CHIP, the governance token of the USD.AI protocol, surged 26% on May 8 to $0.068, pushing daily trading volume past $200 million. The token launched on April 21 with simultaneous listings on Binance, Coinbase, and OKX. It hit an all-time high of $0.1383 two days later. Then it lost half its value in two weeks. Now it is bouncing.
The price action is noisy. The protocol underneath is not.
GPU operators borrow against their hardware. Thatโs the entire pitch.

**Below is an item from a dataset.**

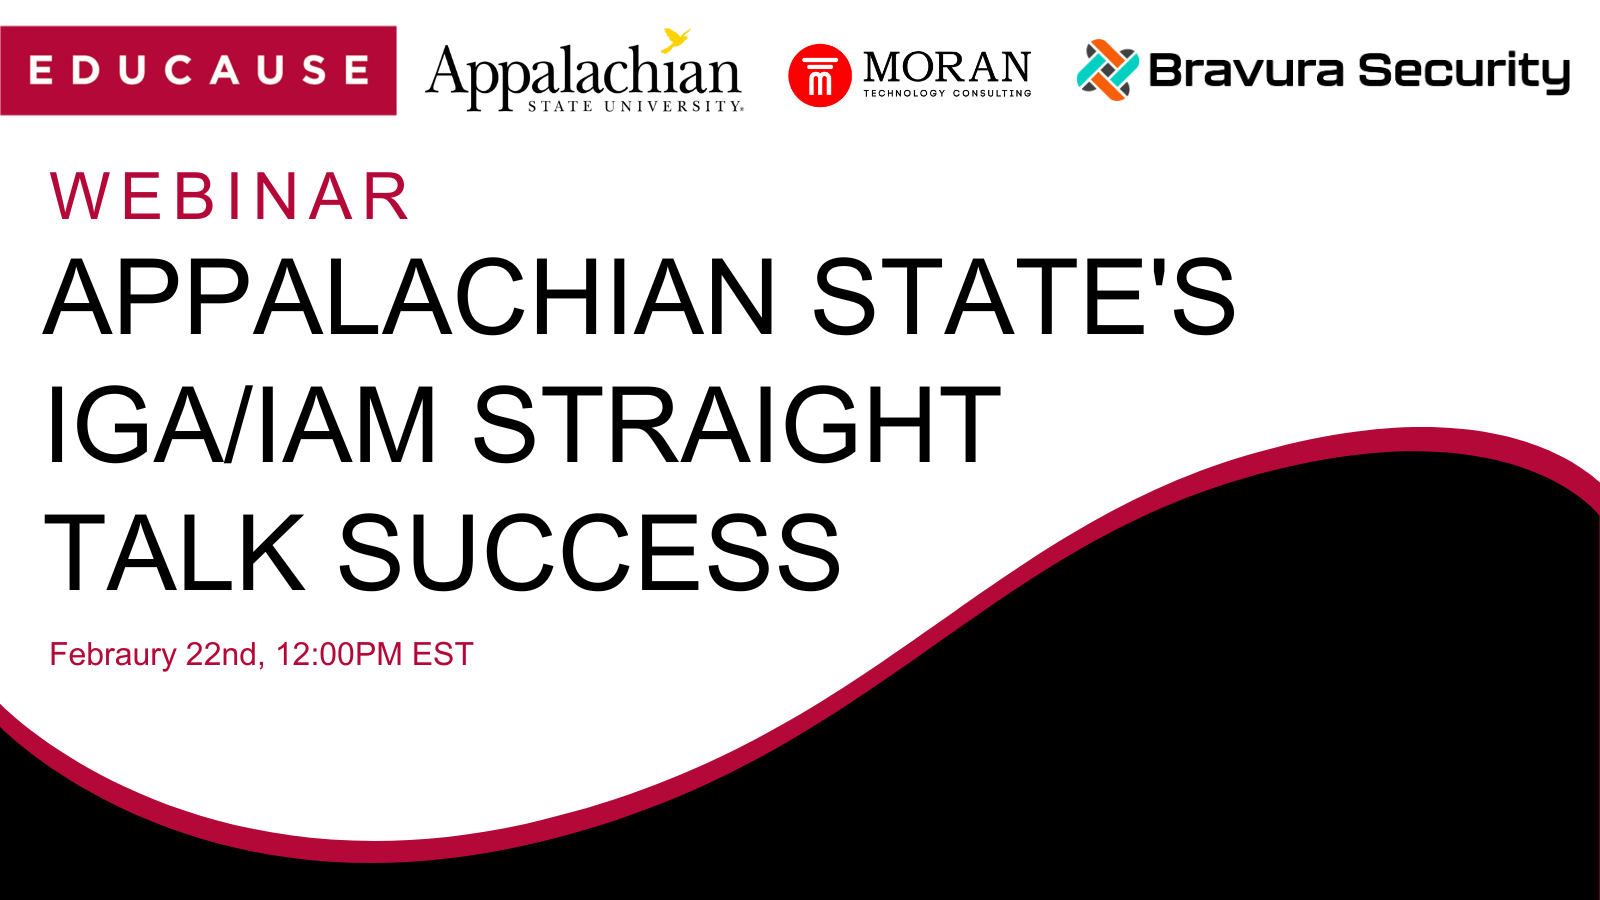 EDUCAUSE: Appalachian State's IGA/IAM Straight Talk Success

USD.AI is a lending protocol that lets companies running AI compute infrastructure tokenize their GPUs as collateral and borrow against them. The loans generate yield for depositors through USDai, a synthetic dollar, and sUSDai, its yield-bearing version. CHIP is the governance token: holders vote on risk parameters, interest rates, and which loan facilities get approved.
The use case is specific. Banks do not lend against GPU racks. Nvidia hardware depreciates. Traditional credit markets do not know how to underwrite compute infrastructure. USD.AI is trying to build that credit layer on-chain. The protocol currently holds $344 million in total deposits and has originated $225 million in loans since 2025. The target APR range is 10-15%. Current sUSDai yield: 7.26%.
That puts it at the intersection of three hot narratives: AI infrastructure, real-world asset tokenization, and DeFi lending. Whether the protocol delivers on all three is the open question. But the product is live, the loans are real, and the borrowers are actual GPU operators. That is more than most AI tokens can say.
80% of supply locked. Unlocks start this month.
Here is the part the rally does not price in. CHIP has 10 billion max supply. Only 2 billion are circulating. That is 20%. The remaining 80% is split between core contributors, investors, ecosystem bootstrapping, and reserves. Investor and team tokens have a 12-month cliff followed by linear vesting through 2027-2028.
The first major unlock window opens in May 2026. If new supply hits the market faster than demand absorbs it, price compresses. This is the structural risk that every early-stage token faces. During rallies, nobody talks about it. During drawdowns, it becomes the only conversation.
The volume-to-market-cap ratio reinforces the concern. At launch, CHIP was doing $1.3 billion daily volume against a $200 million market cap. That is 6-7x turnover per day. Even now, $200 million daily volume against a $135 million cap means the token changes hands more than once every 24 hours. That kind of velocity is speculative, not structural.
The AI compute lending thesis is real. The token economics are not proven.
Separate the protocol from the token. The protocol has $225 million in executed loans, $344 million in deposits, and partnerships with enterprise GPU operators. It targets a $1.5 billion pipeline. The first $100 million loan cycle is completing this quarter, which will produce the first real performance data on default rates, yield consistency, and collateral recovery.
The token is different. CHIP is governance-only. It does not capture protocol revenue directly. Holders vote on parameters but do not receive fees. That creates a valuation disconnect: the protocol can succeed while the token underperforms, if governance rights alone do not justify the FDV. At $135 million market cap and $685 million fully diluted, CHIP trades at roughly 3x its total deposits. Whether that is cheap or expensive depends entirely on what the first loan cycle data shows.
The AI infrastructure debate is accelerating across the industry. USD.AI is betting that the hardware powering AI agents needs its own financial layer. That bet has Bitcoin miners pivoting to AI hosting as a tailwind. Whether CHIP is the right way to play it is a separate question from whether the thesis is right.